2045年のイラストレーターの仕事は、「絵を描く技術」だけではなく、「この人の絵であること」が商品になる時代になっています。それはミチルさんが若いころにはまだ言語化されていなかった価値です。AIが台頭したことで、初めてその価値がはっきり見えるようになった。

「あなたの絵が欲しい人は、必ずいます」

ミチルさんはそう言ってから、少し間を置いた。「ただし、その人たちにあなたの絵を届けられるかどうかは、技術と同じくらい、発信にかかっています」


2045年の年収

2045年の年収(現在の貨幣価値換算・編集部予測)

  • 作家性・発信力を持つ層(フリーランス・独立開業):700万円〜(上限なし)
  • 依頼仕事中心の中堅フリーランス:350〜500万円前後
  • 量産系の素材・定型業務が中心だった層:収入が大幅に減少(AIへの代替が直撃)
  • 参考・2026年の平均(雇用者ベース):492.2万円(賃金構造基本統計調査)

フリーランス比率が88.7%という職業ですから、個人の作家性と発信力が収入に直結します。「量産する仕事は消えても、あなたの絵が欲しい人は消えない」という構図は、単なる慰めではなく、市場の変化をそのまま言い換えたものです。
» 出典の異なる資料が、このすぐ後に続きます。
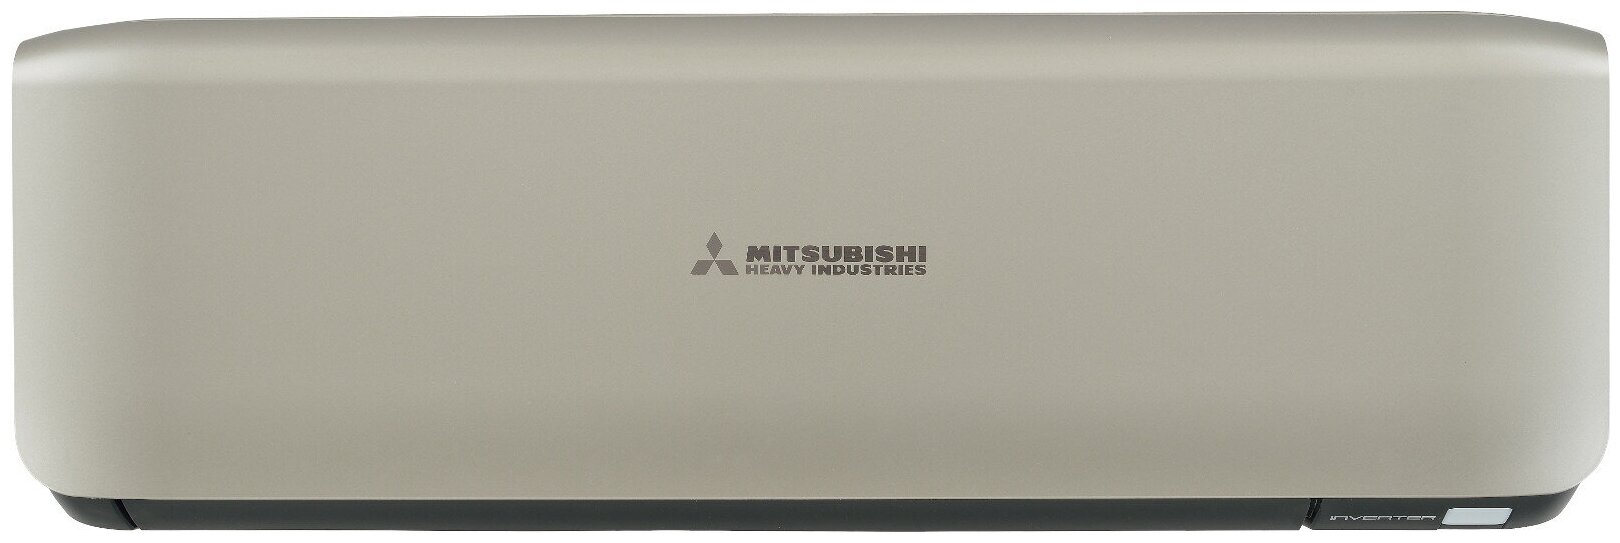 Сплит-система Mitsubishi Heavy Industries SRK50ZS-W(B T) / SRC50ZS-W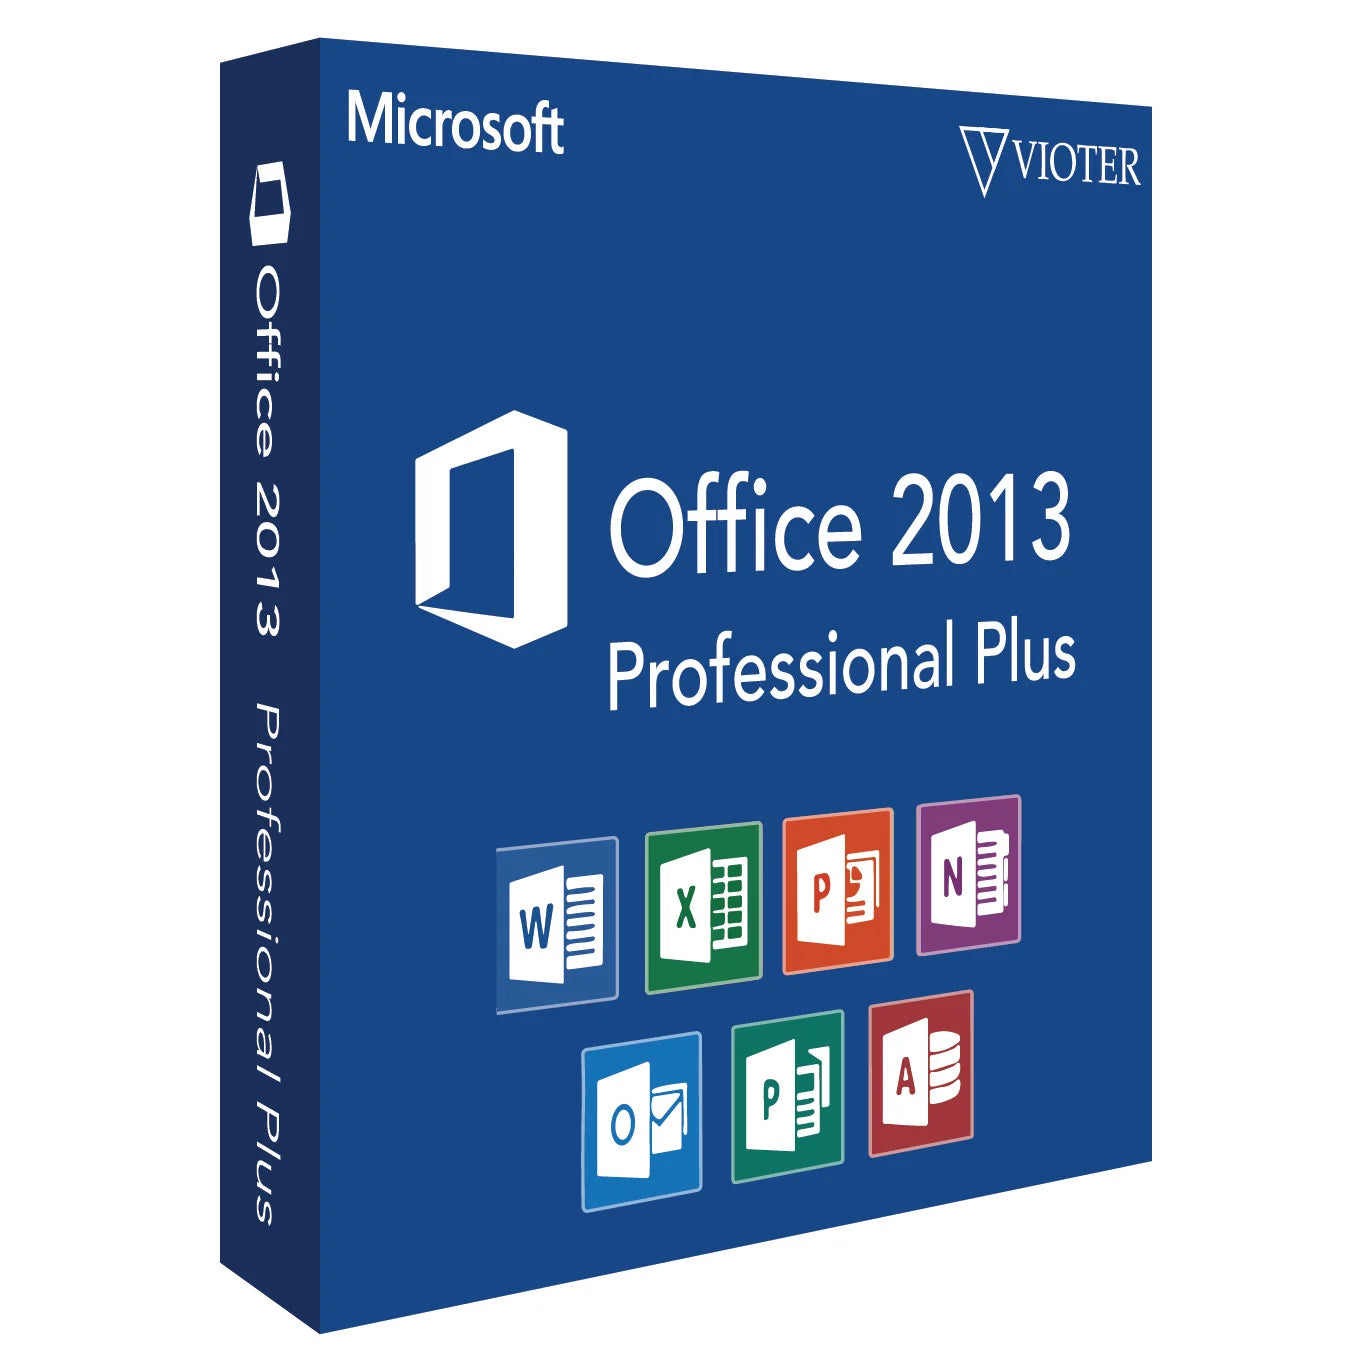 Microsoft Office 2013 Professional Plus - Lifetime Activation

ただし、発信をしなければ「欲しい人に届かない」のも事実。同じ技術でも、SNSで制作過程を見せ続けた人と、そうでない人とで、20年後の収入に大きな差が生まれています。


この仕事を目指すきみへ

ミチルさんは陽菜のスケッチブックのことを思い出しながら言った。

「今日からできることが、三つあります。まず、描き続けること。枚数に代わりはありません。AIが登場しても、うまくなるには描くしかない。二つめは、今すぐ発信を始めること。完成品じゃなくていい、描いている途中でいい。あなたの線が動くのを見せること。三つめは、AIを道具として使いこなすこと。敵じゃなく、アシスタントです」

絵を描くのが好きという気持ちは、この先の20年で一番強い武器になります。AI代替率72%という数字が意味するのは「仕事がなくなる」ではなく、「どの仕事が残るか、はっきりした」ということです。

残る仕事の中心にいるのは、好きで描き続けた人です。

【コラム】人間製証明(ヒューマン・メイド・オーセンティケーション)とは

「人間製証明(Human-made Authentication)」は、2030年代に普及したコンテンツの「作者確認」の仕組みです。画像・文章・音楽が誰によって(人間かAIか、あるいはどの程度人間が関与したか)作られたかを、制作過程のデータとともに記録・公開する考え方です。

美術館、出版社、ゲームスタジオなどが「人間が主体的に制作した」ことを明示するようになり、それを好むクライアントや受け手が一定数現れました。イラストレーターをはじめとするクリエイターにとって、これは追い風でもあります。「誰が、どう描いたか」を見せることが、仕事の証明書になる時代が来ています。


まとめ

イラストレーターのAI代替率(編集部予測)は72%です。素材・定型・量産系の業務は大きく削られました。しかし「誰が描いたか」という問いが意味を持つ領域では、人間の仕事は残っています。

フリーランス比率88.7%という職業は、個人の作家性と発信力が収入に直結します。AIが普及したことで、「あの人の絵が欲しい」という気持ちは言語化され、市場で評価されるようになりました。

絵を描く技術と、自分を届ける発信。その両輪を持った人にとって、2045年は決して終わりではありません。

※本記事は公開情報・統計データにもとづく2026年時点の未来予測フィクションです。登場する人物・施設は架空のものです。制作体制については編集方針・AI利用ポリシーをご覧ください。